The True Cost of Escape:
Kasi quickly learns that exile is not a physical place; it begins when silence is all you have left. His disillusionment highlights the universal truth that migration often exchanges external struggles for internal, psychological ones. His journey from warmth to Moscow's punishing cold mirrors the emotional drain many in the current "Japa" wave feel when the dream of stability collides with the reality of isolation and hidden suffering abroad.
FINDING THE SONG AFTER THE SILENCE
The novel offers a path toward healing not in escape, but in reclamation. Amara, Kasi's cousin, ultimately travels to Russia to become the "story keeper," choosing to speak the truth her father could not.

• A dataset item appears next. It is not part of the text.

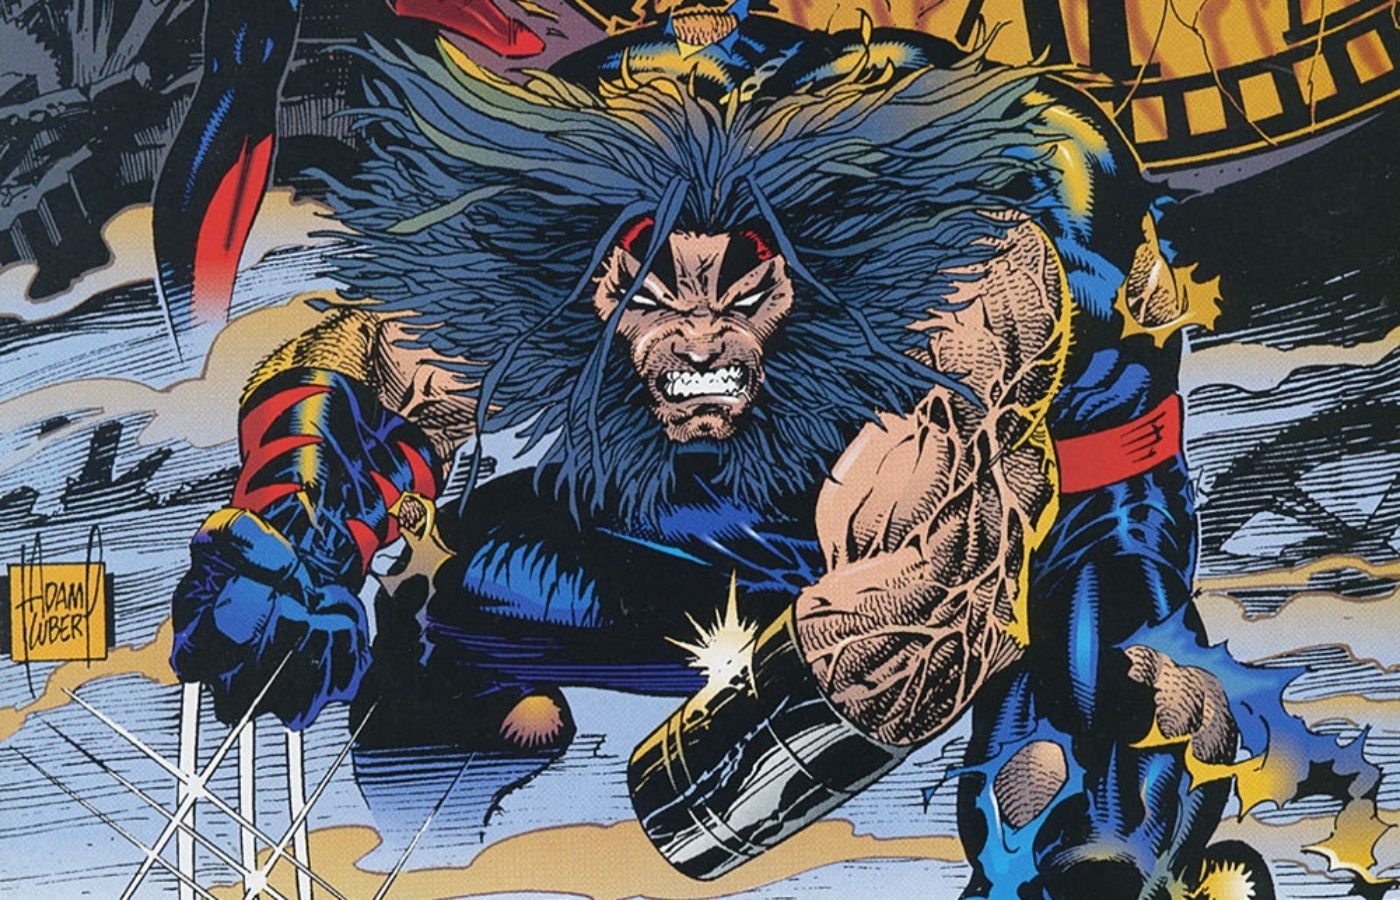 One-handed Wolverine crouched with his claws drawn in the Age of Apocalypse.

The final act of love is reclaiming the name Nkasiobi (Comfort for the soul) for the next generation. This is the novel's final message: we must confront the inherited silence and name the trauma, so that the future can finally be whole.
"Grief is proof of meaning... Of something sacred having once passed through your life and left you marked."
The book challenges all of us—whether we Japa or stay—to choose remembrance, language, and truth, rather than letting the silence bury us.
What's Your Story?
Have you experienced the "Japa" paradox? What unspoken trauma did you carry with you when you left, or do you still carry now?